- Opening Delimiter -

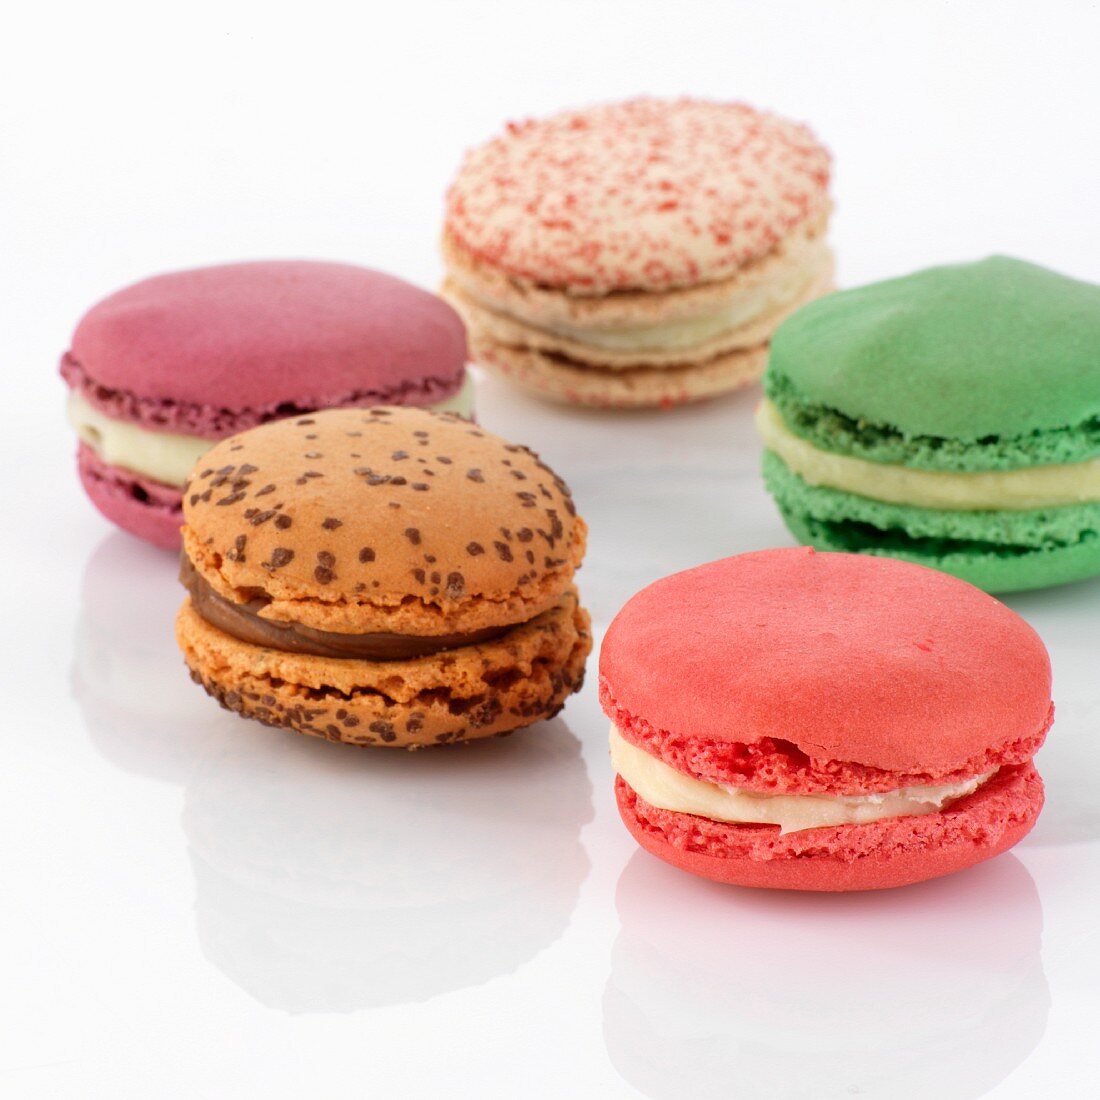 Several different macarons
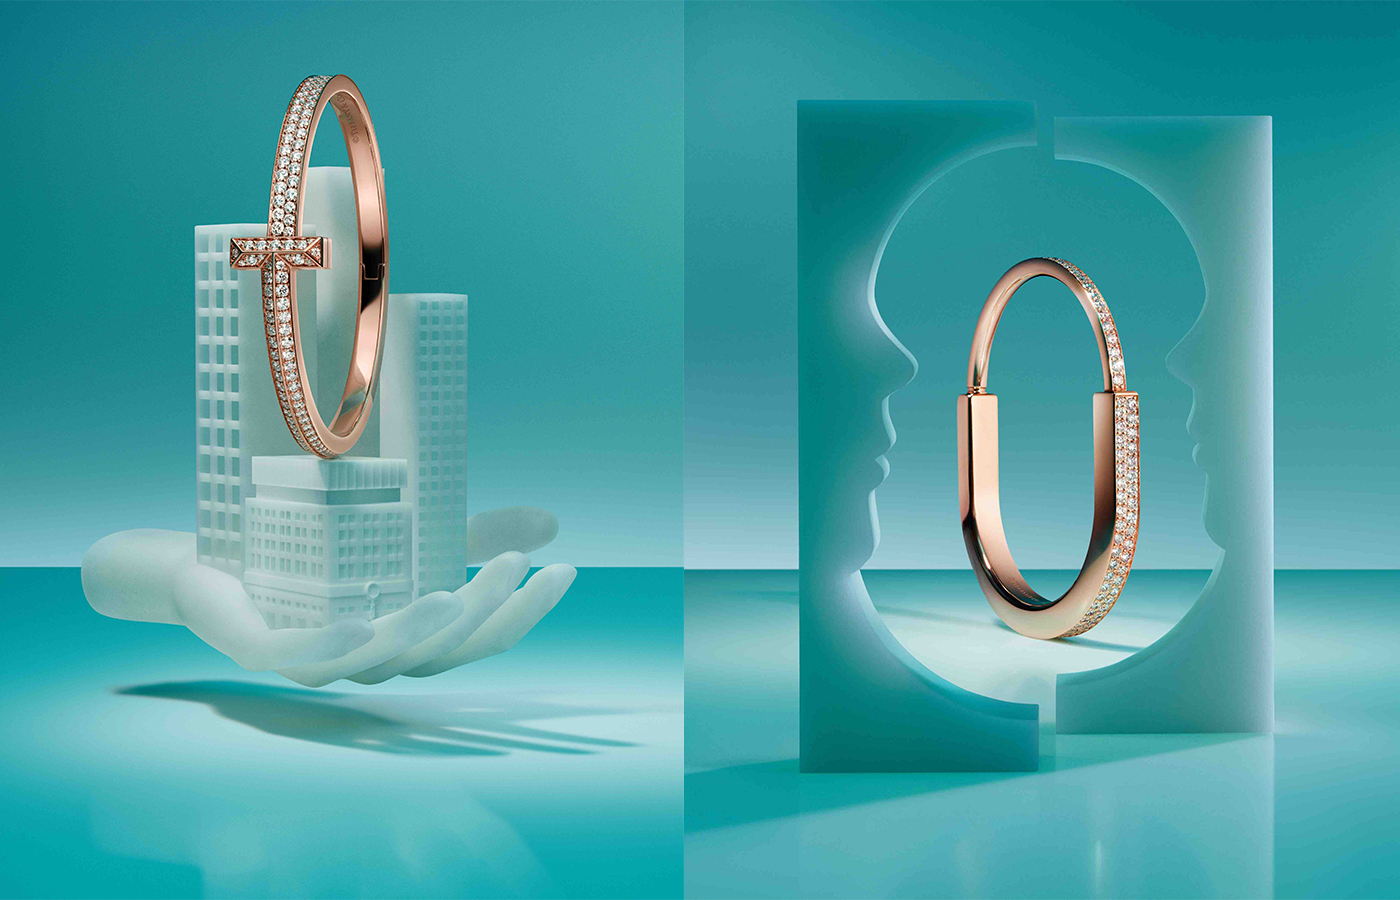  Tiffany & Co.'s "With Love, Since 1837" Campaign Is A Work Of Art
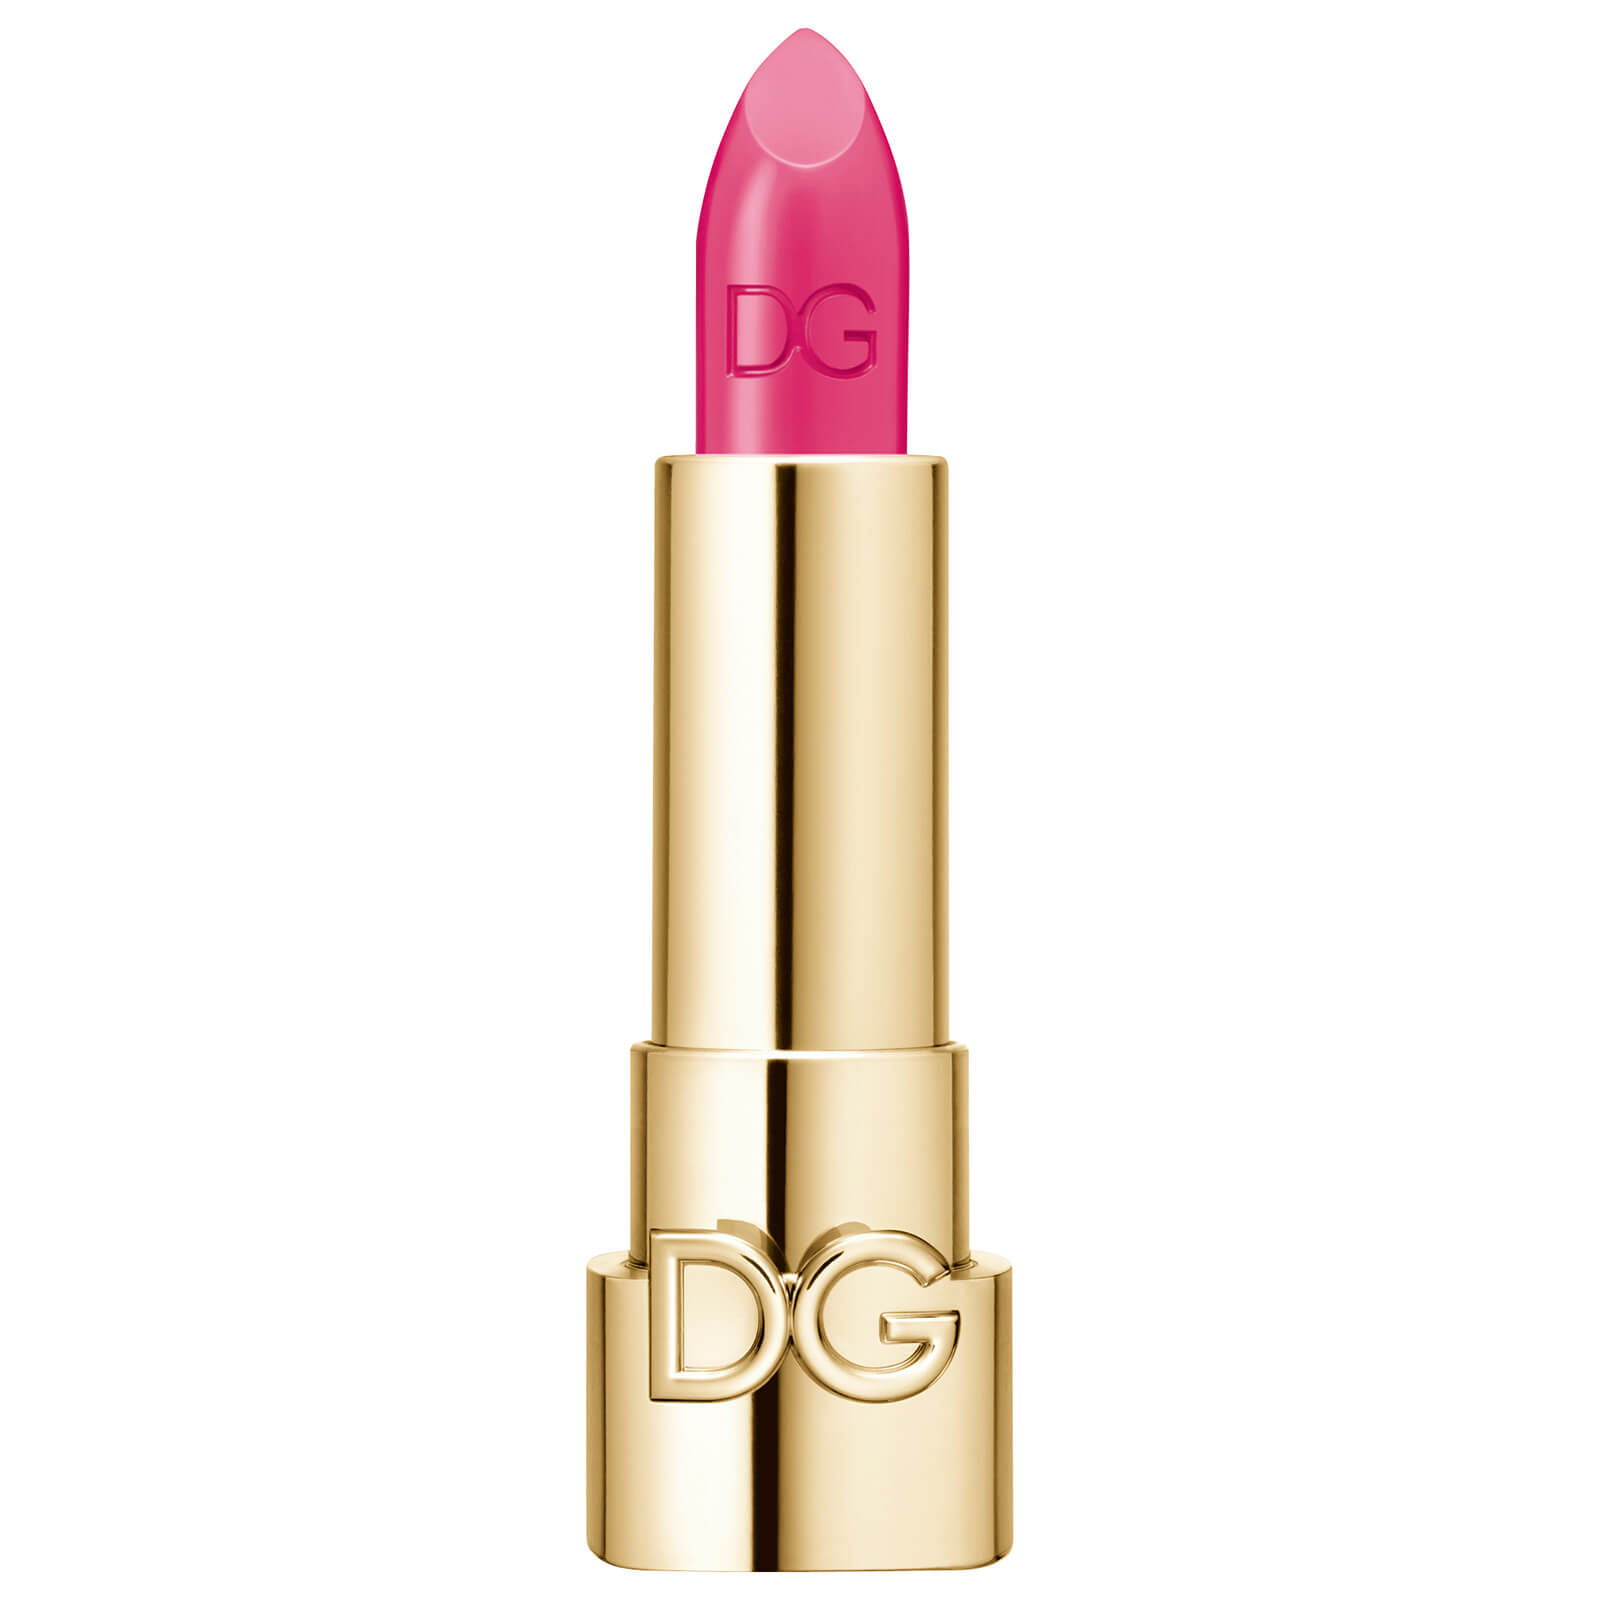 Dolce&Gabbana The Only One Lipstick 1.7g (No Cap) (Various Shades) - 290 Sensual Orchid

- Closing Delimiter -

**TASK INSTRUCTIONS**
Would you copy out every line of the data above exactly, minus the pictures?

**EXERCISE RESULT**
 Several different macarons
  Tiffany & Co.'s "With Love, Since 1837" Campaign Is A Work Of Art
 Dolce&Gabbana The Only One Lipstick 1.7g (No Cap) (Various Shades) - 290 Sensual Orchid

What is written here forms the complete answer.